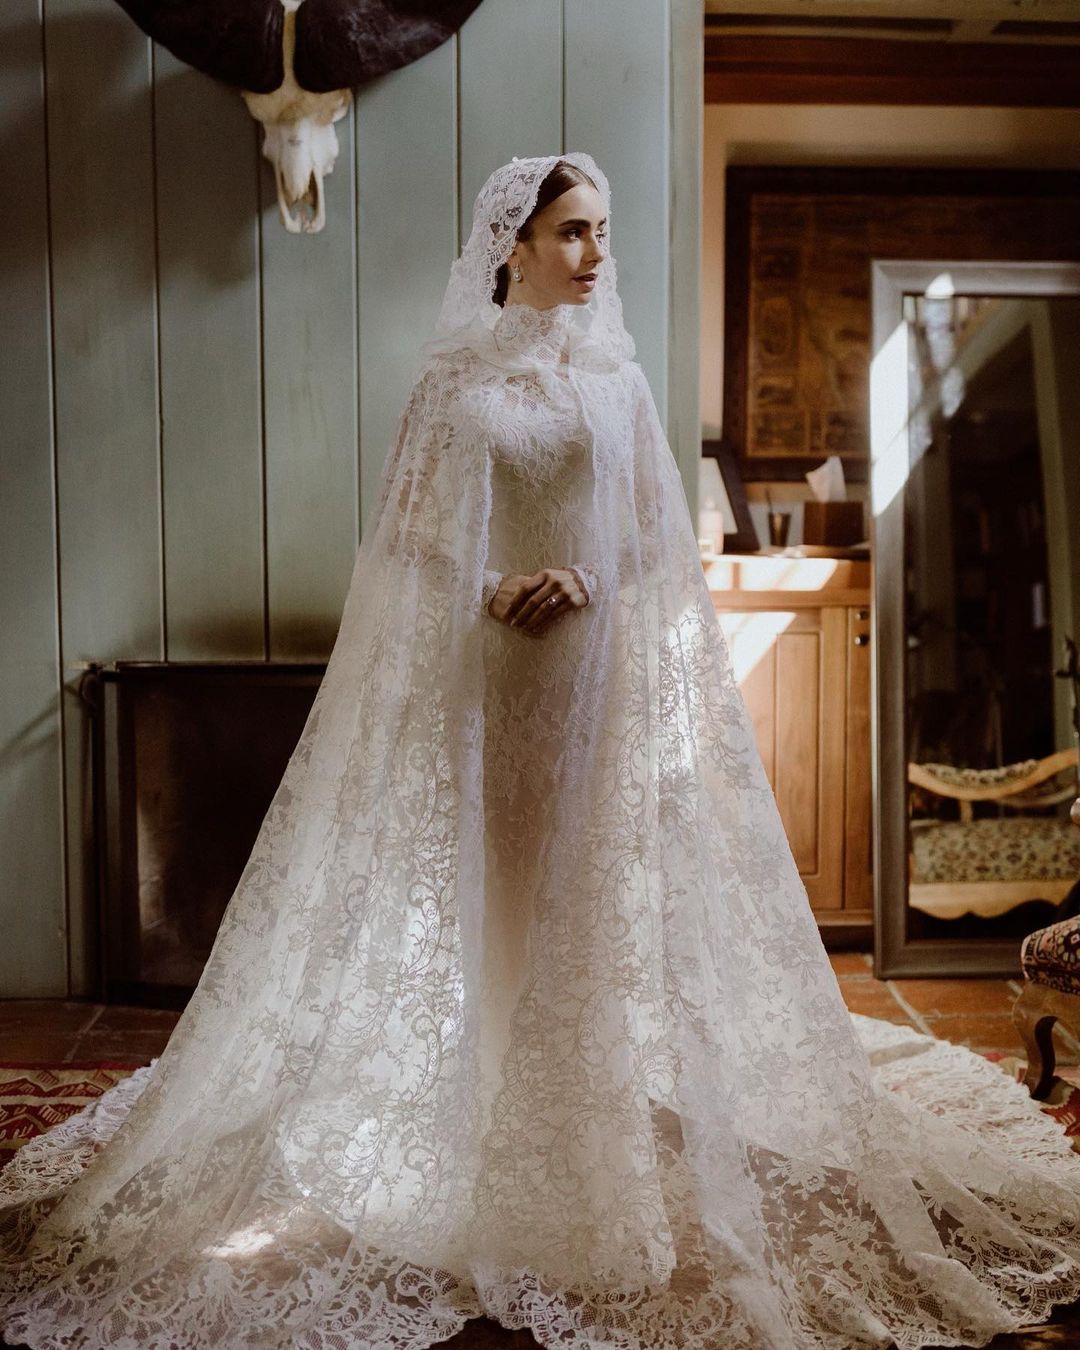 Lily Collins muestra su impresionante vestido de novia con velo
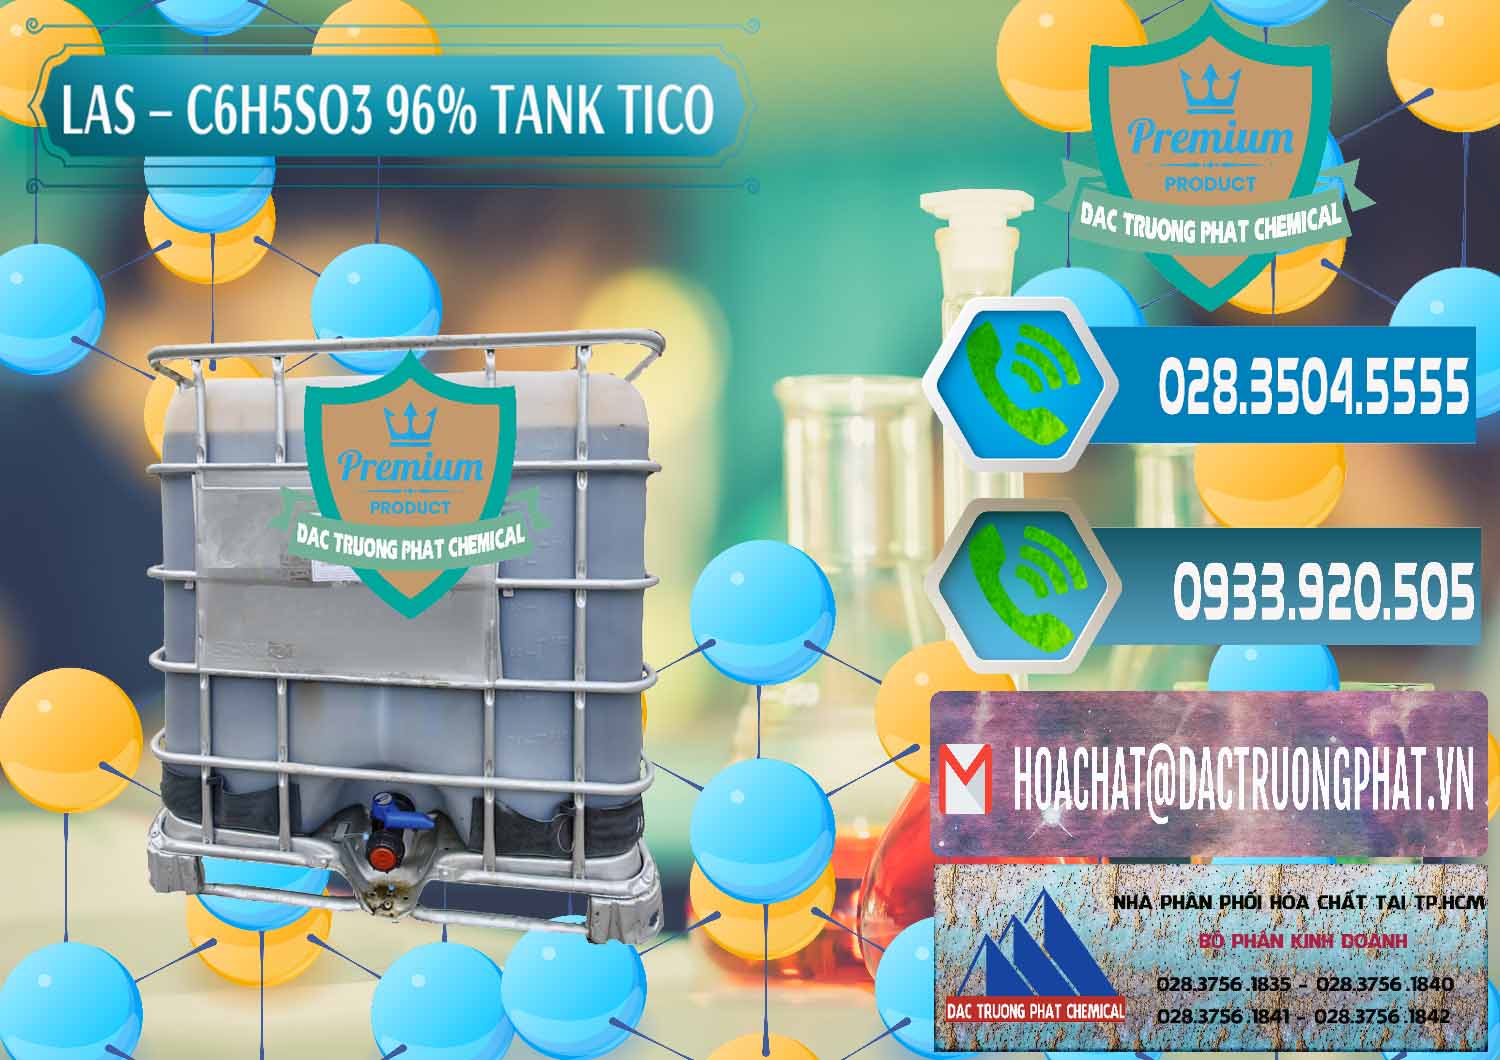 Cty chuyên cung cấp - bán Chất tạo bọt Las P Tico Tank IBC Bồn Việt Nam - 0488 - Cty chuyên phân phối - bán hóa chất tại TP.HCM - congtyhoachat.net
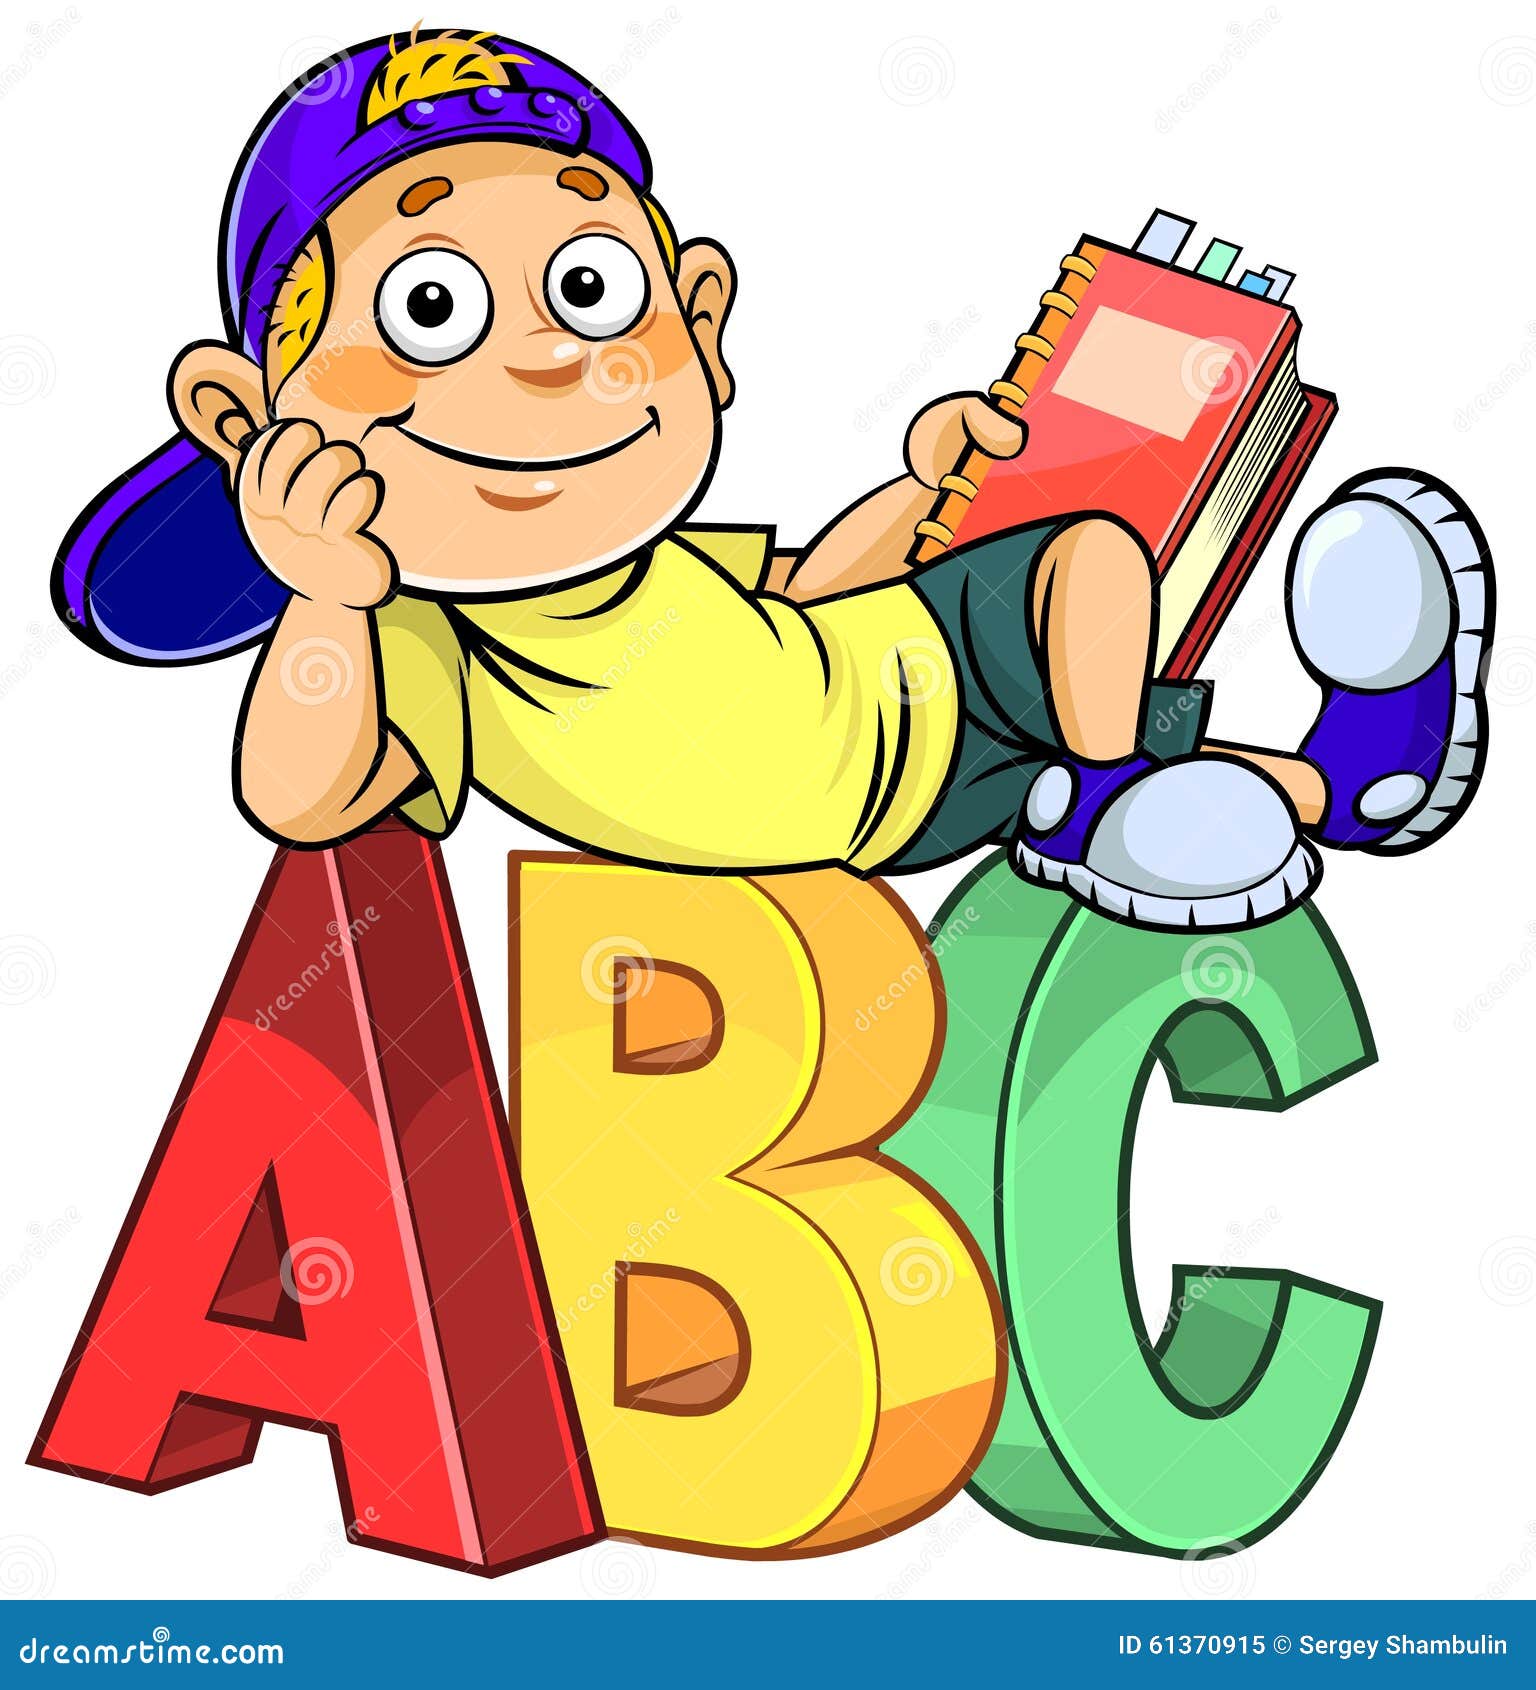 Cartoon kid on ABC stock vector. Illustration of cartoon - 61370915

________________

Would it be possible to give the material above again exactly, with the pictures left out?

 Lily Collins muestra su impresionante vestido de novia con velo
 Cty chuyên cung cấp - bán Chất tạo bọt Las P Tico Tank IBC Bồn Việt Nam - 0488 - Cty chuyên phân phối - bán hóa chất tại TP.HCM - congtyhoachat.net
 Cartoon kid on ABC stock vector. Illustration of cartoon - 61370915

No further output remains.